Khokon (also spelled as Khokawn) is a Kuki village in the Senapati district of Manipur, India. As per Census of India 2011, there are 33 household with a total population of 189 persons, out of which 96 are male while 93 are female.

Etymology
The term Khokon means a zig-zag village.

History
Khokon village was established in the first decade of the 19th century. The original village located in Ukhrul district between Kachai and Phungtal villages. It was situated at the top of the mountain. During those years there was much rivalry among the Tangkhuls and headhunting was common among them. In such circumstances Khokon villagers due to their sheer physical strength and modern warfare they controlled the warring clans and villages in Ukhrul district, and as a result brought about the much needed peace and tranquility in the area. In post-independence India, the rising Naga nationalism and militancy led some of the Tangkhul nationalists to serve quit notice to Khokon villagers forgetting their contribution in the past. Their village was burnt down by Naga nationalists in 1961. As a result they left their homesteads in 1961.

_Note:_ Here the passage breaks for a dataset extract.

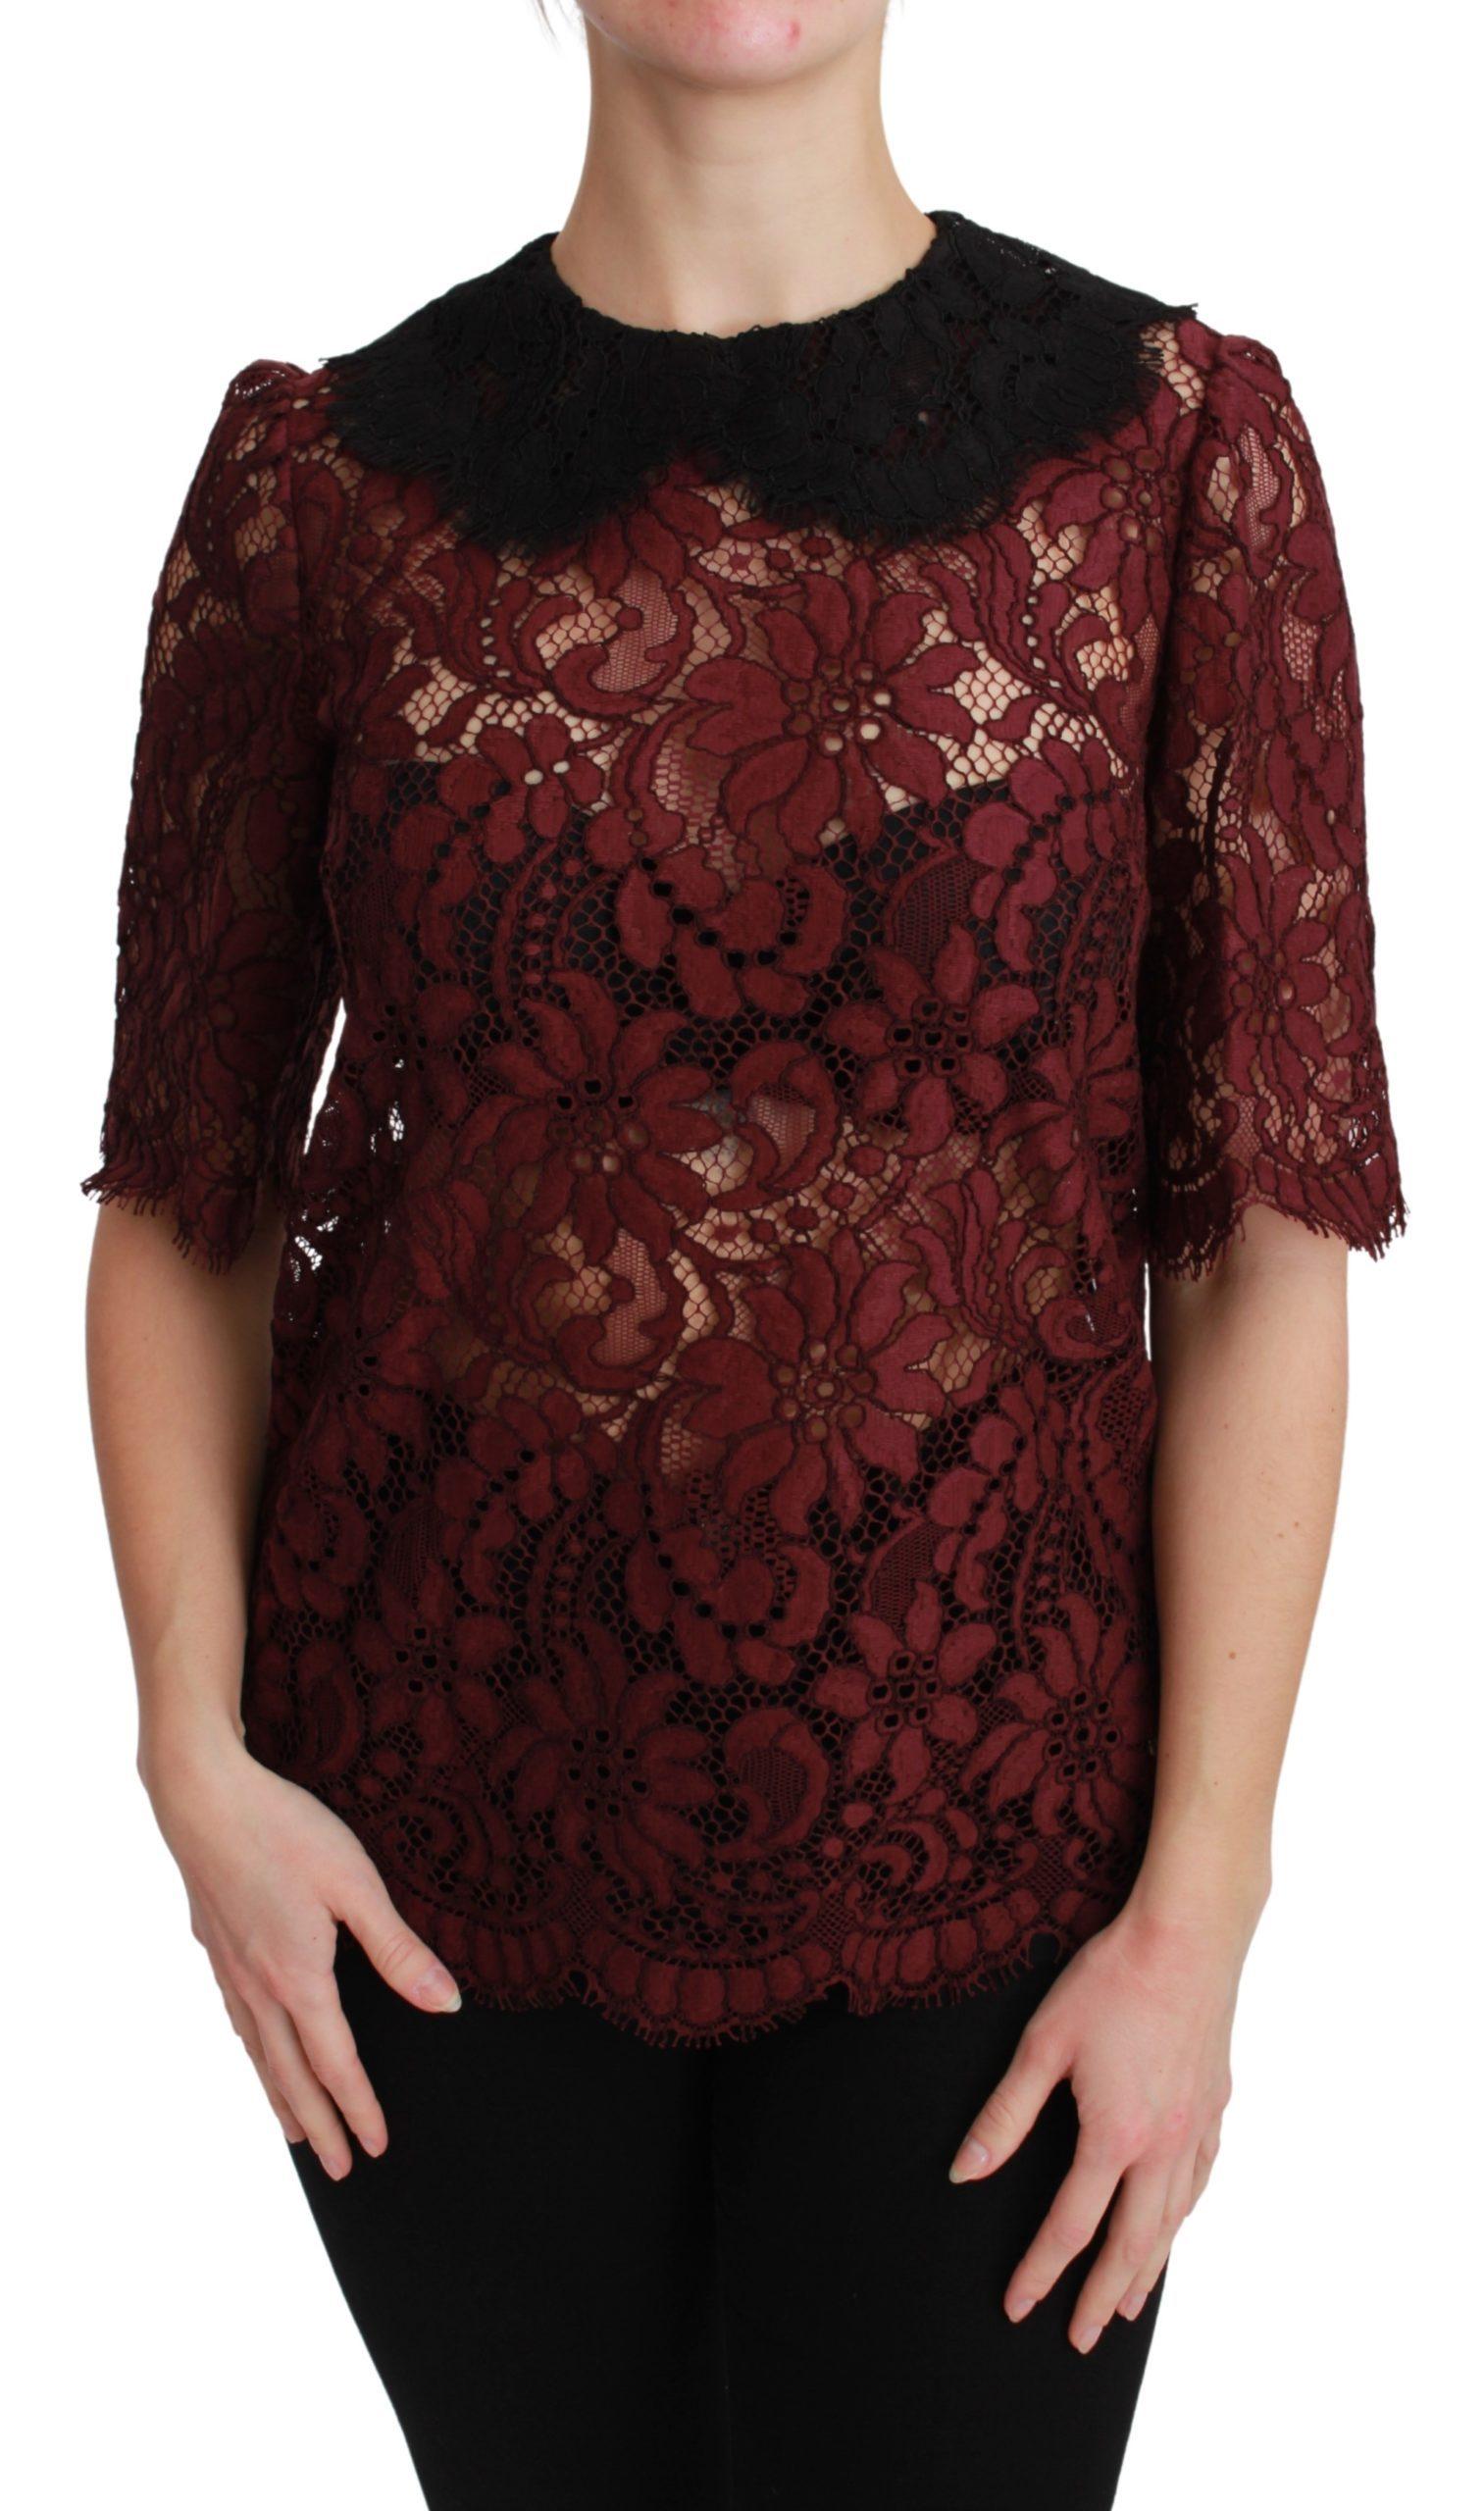 Dolce & Gabbana Women's Short Sleeve Top Maroon BGTSH2679 - IT42 M

The chief of Khokon Pu Ngulthong Haokip reestablish the village again in Saikul subdivision in 1979.

Location
Khokon village is located at 24°59'33.3"N latitude, and 93°59'47.8"E longitude. It is situated at a height of 790 m above sea level, and just about 35 Kilometres from Imphal, the capital city of Manipur.

Literacy
As per the Census of India 2011, Khokon has a literacy rate of 56.68%, out of which the male population is 61.05% and female is 52.17%.

Church
The people in the village had been largely converted during the 19th century, and they are affiliated to Kuki Baptist Convention, a Baptist Kuki denomination in Northeast India.

Occupation
Even though Khokonites were traditionally cultivators and animal rearers, with the passage of time they largely shifted to small businesses and other skilled professions such as knitting and yarning. The educated ones are engaged in teaching and research in various universities of India and also as medical practitioners. A sections of youths also migrated to different metropolitan cities in the country to work in various companies and BPOs.